Выбрать главу

— Я помню. Ты тоже сказала мне это тогда в госпитале, после битвы.

— Да, — прошептала я. — Но тебе не обязательно считать меня другом, если это идёт против твоих убеждений. Мы прекрасно ладили и так.

— Зачем я буду себе врать? — Иорвет пожал плечами. — Мои, как ты говоришь, убеждения не касаются друзей, они про другое. Дай же мне, наконец, рассказать, и ты поймёшь.

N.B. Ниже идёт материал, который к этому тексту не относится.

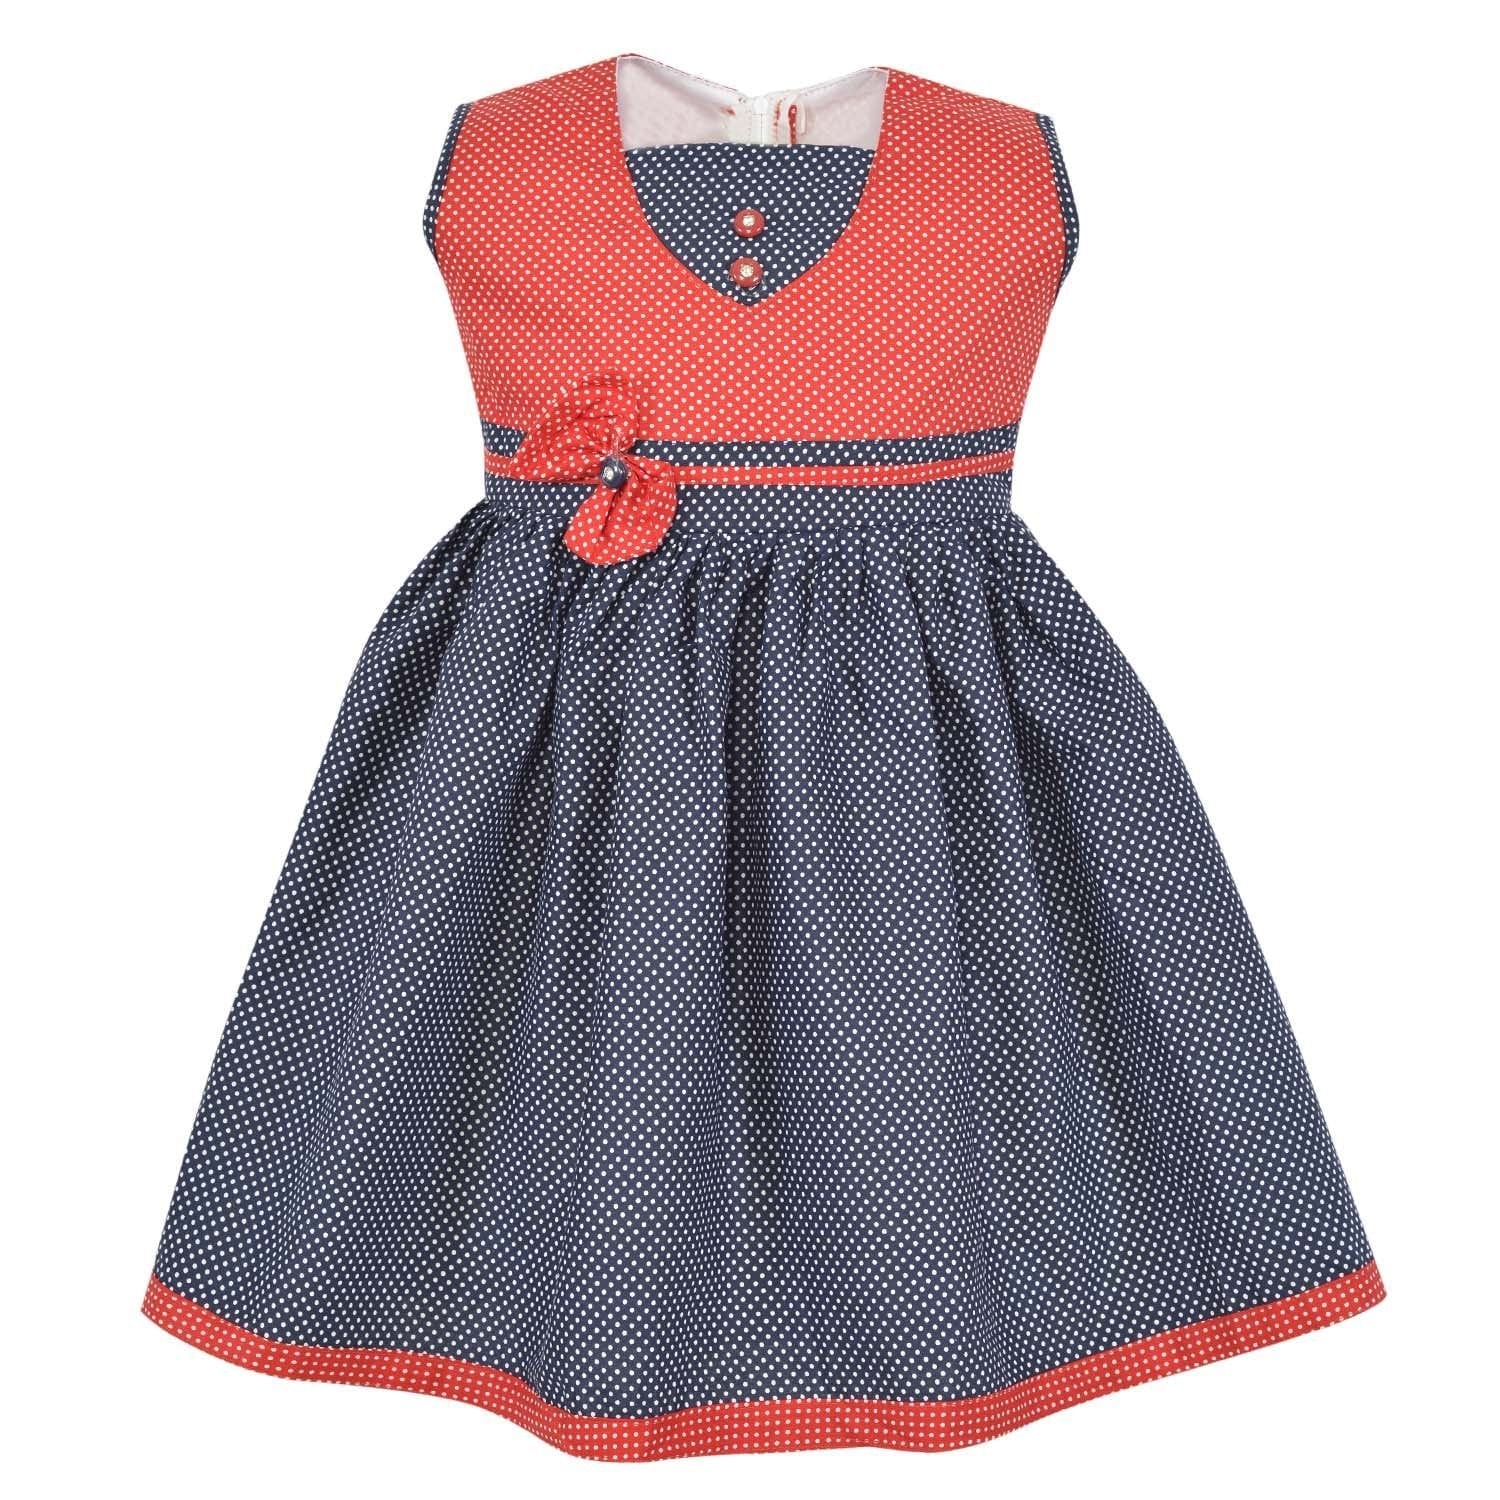 Baby Girls Dress ctn258nb - Wish Karo Cotton Wear - frocks Cotton Wear - baby dress
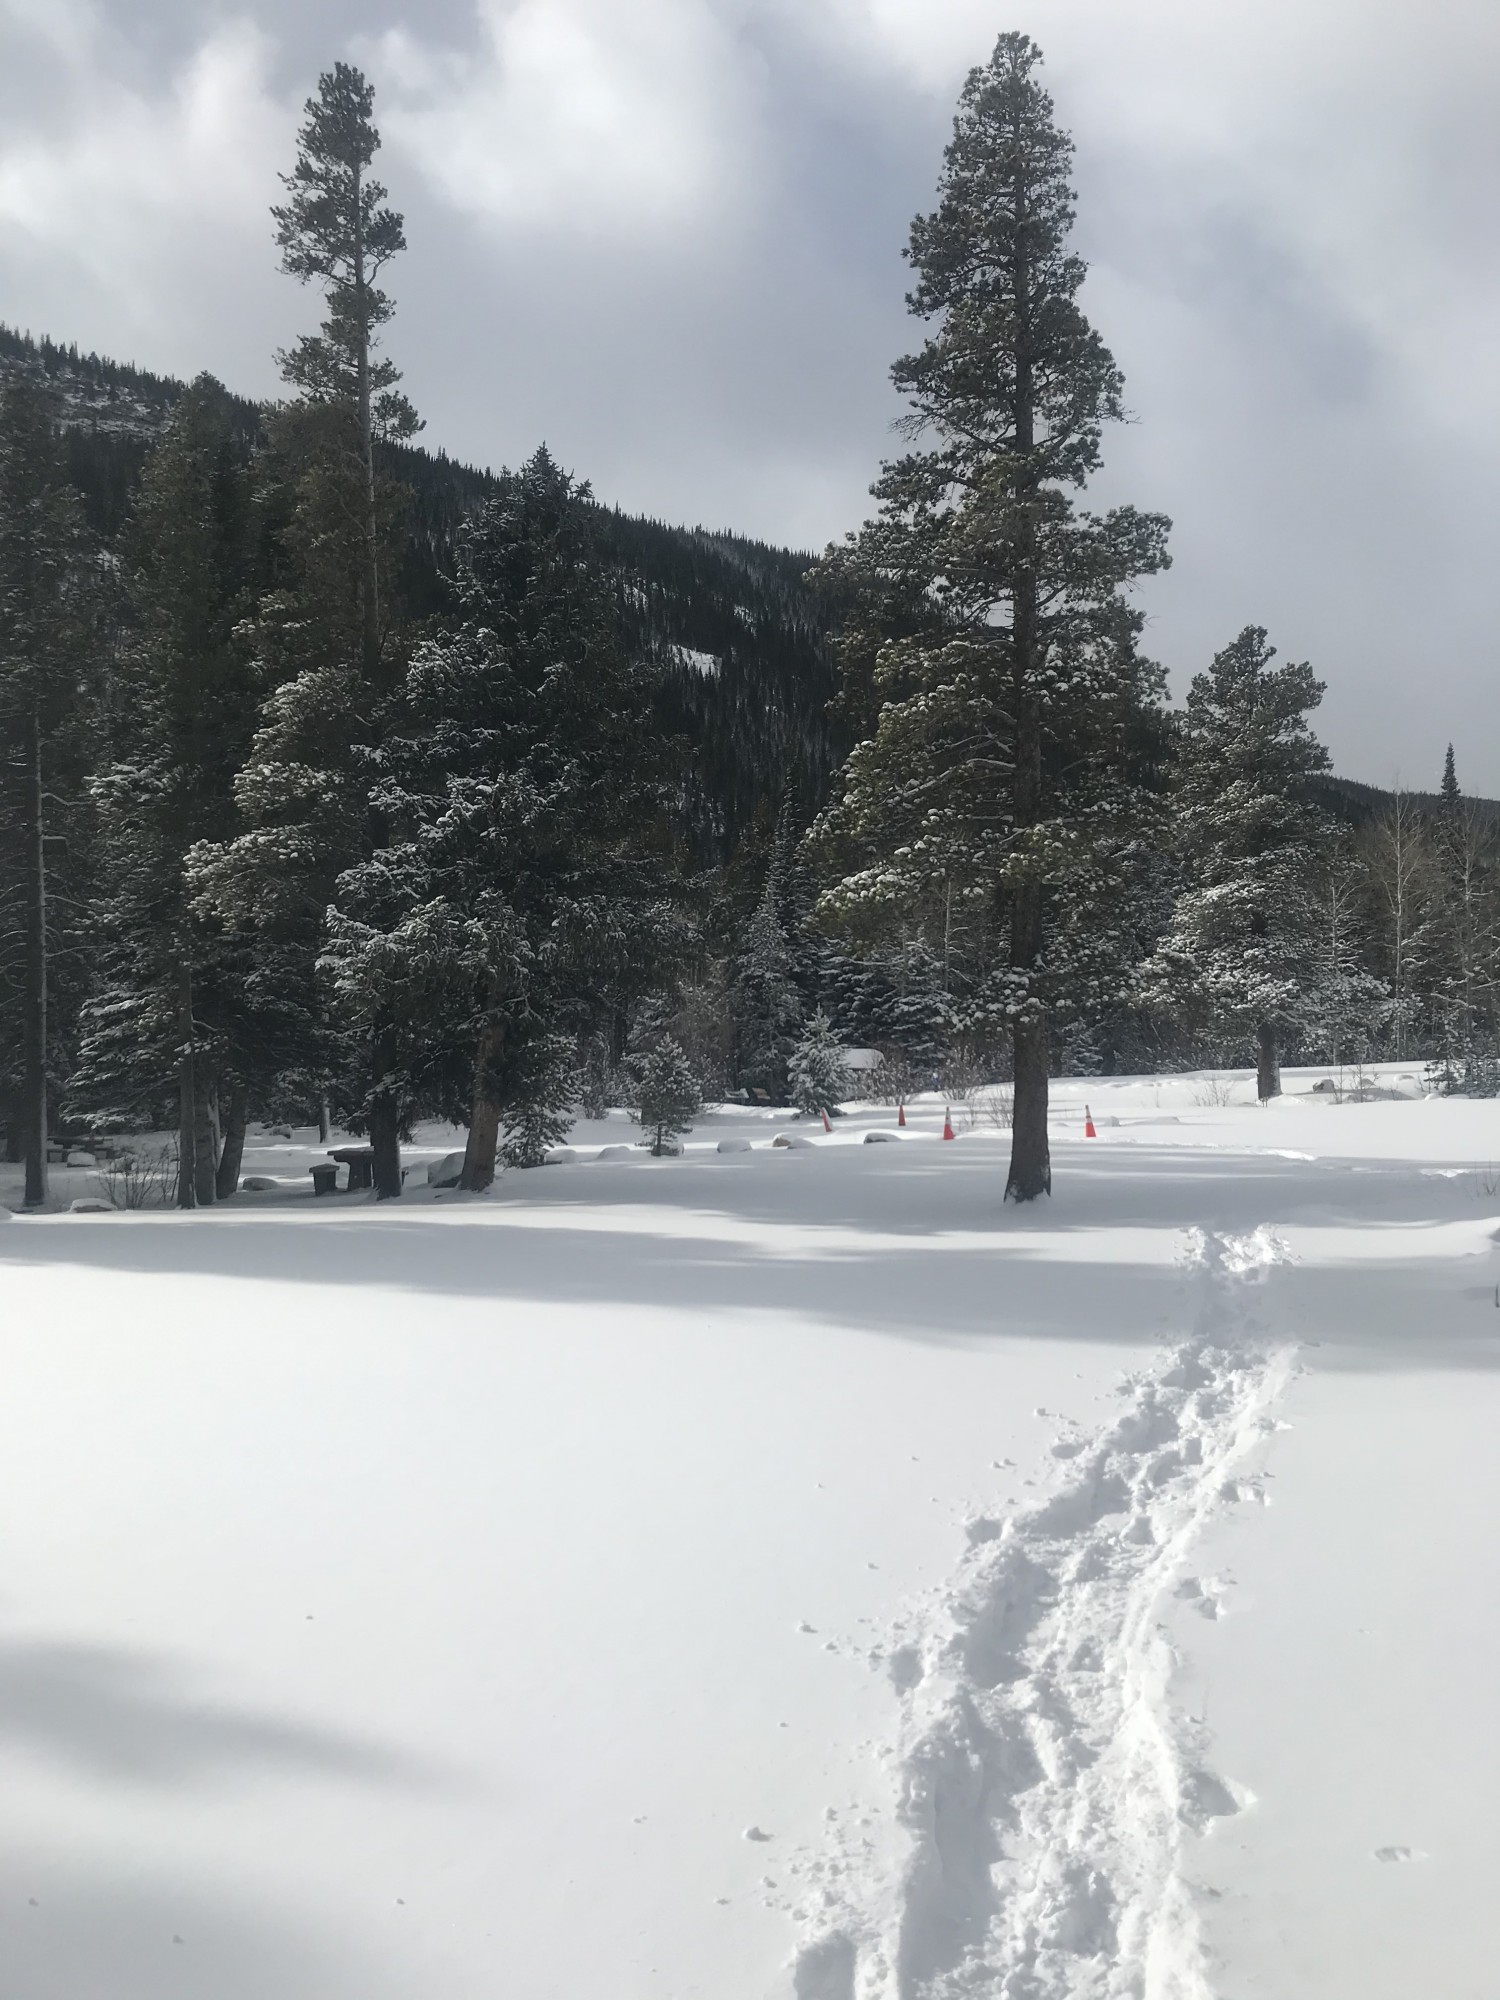 snowshoe tracks near trees and blue sky

В его голосе проскользнули нотки раздражения, я усмехнулась себе под нос — несносный вспыльчивый характер эльфа никакая дружба не сделает пушистым и мягким. Я снова приподнялась на локте, чтобы видеть его, и приготовилась слушать.

— Гленн был как твой пират, только среди эльфов: отважный, хитроумный и настоящий сорвиголова. Жажда странствий довольно скоро заставила его покинуть дворцы и тенистые леса Дол Блатанна.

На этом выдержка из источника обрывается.